Alan Storkey, in his very interesting book, Jesus and Politics: Confronting the Powers, reads Jesus’ temptation through a political lens. It’s a fascinating study and a very interesting take on the historical Jesus.
The following passage regarding Matthew’s account of Jesus’ temptation helpfully exposes why Christians ought to be wary of the seductions of earthly political power.
The third temptation is even more centrally political. “The devil took him to a very high mountain and showed him all the kingdoms of the world and their splendor. ‘All this will I give you,’ he said, ‘if you will bow down and worship me’” (Matt. 4:8-9). This is . . . the ultimate political temptation of world rule. . .
The temptation requires a total ambition of the kind only present with Alexander the great, the Caesars, and a few others. It also requires the kind of arrogance that believes, “I am good for the world. If I ruled the world . . .” Among candidates for benevolent dictatorship, Jesus would of course, rank top. But his response to the devil shows that all of this is misconception. Jesus insists: “Worship the Lord God, and serve him only” (4:10; Deut. 6:13). This is the crucial political lesson. Many politicians assume that their getting to power is the answer: then they can do good. Jesus understands that getting to power is not the answer; instead, unqualified submission to God is required to do anything good. The beginning, middle, and end of politics is obedience to God.

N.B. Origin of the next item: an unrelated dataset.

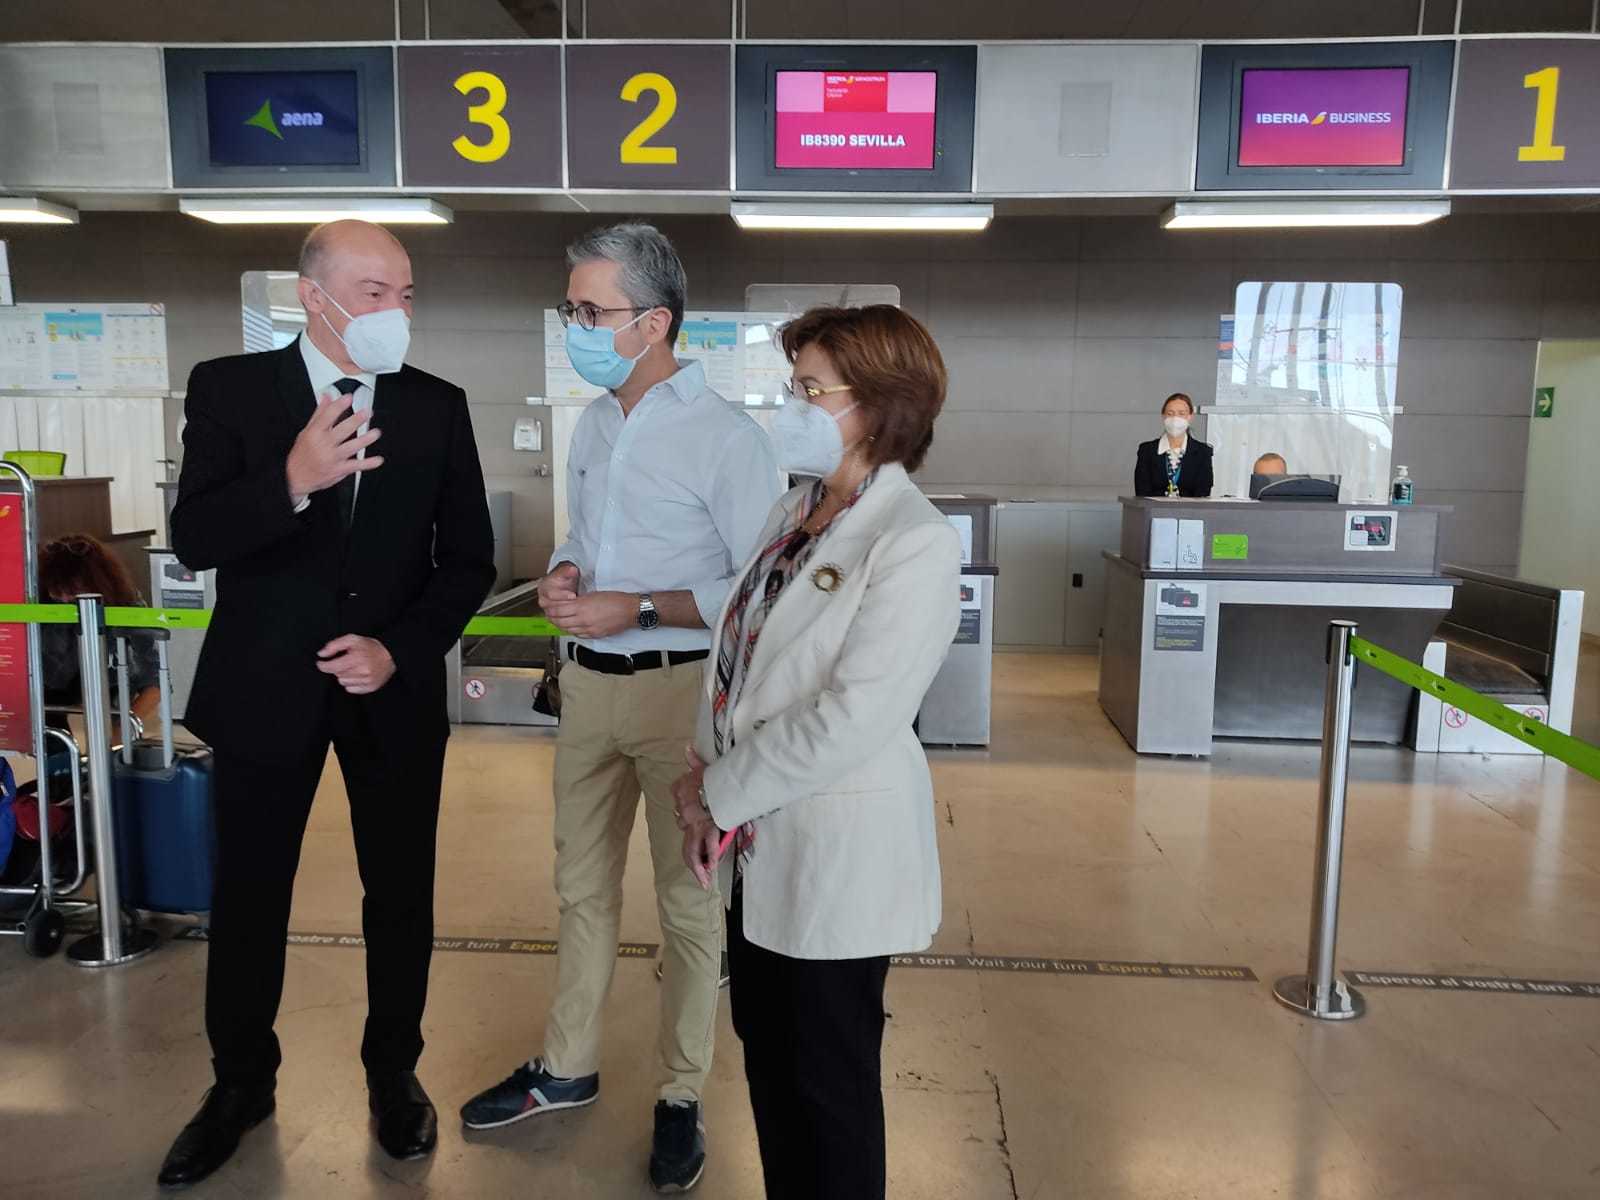 La ruta entre los aeropuertos de Castelln y Sevilla aspira a mover 1.200 turistas este verano

Moreover, what the devil offers is worldly power – control plus splendor – the kind of flaunted dominion present within the Egyptian, Macedonian, and Roman empires. The premise is that power is possessed, in this case handed over by the devil to Jesus, if he agrees. Along with the possession of power goes self-glorification and splendor – palaces, rich clothes, servants and slaves, gold, hanging gardens, and women. This is the idiom of possessing power and its rewards, found throughout history from Babylon to Peking. Jesus rejects it all in favor of the unconditional worship and service of God. This is not an apolitical principle, but one that changes the inner meaning of political rule. Since the time of Moses the servant of God, a service rather than the possession of power has been an alternative way of approaching office. Because of our Christian heritage, this perspective has become stronger in democratic politics. The fulcrum on which the whole change of conception turns is found here in this temptation. Jesus turns his back on the possession of worldly power and unreservedly toward the service of God. Of course, the “possession” of such power is a chimera, our vain self-construction, but it persists in much political activity and philosophy, East and West (pp. 77-78).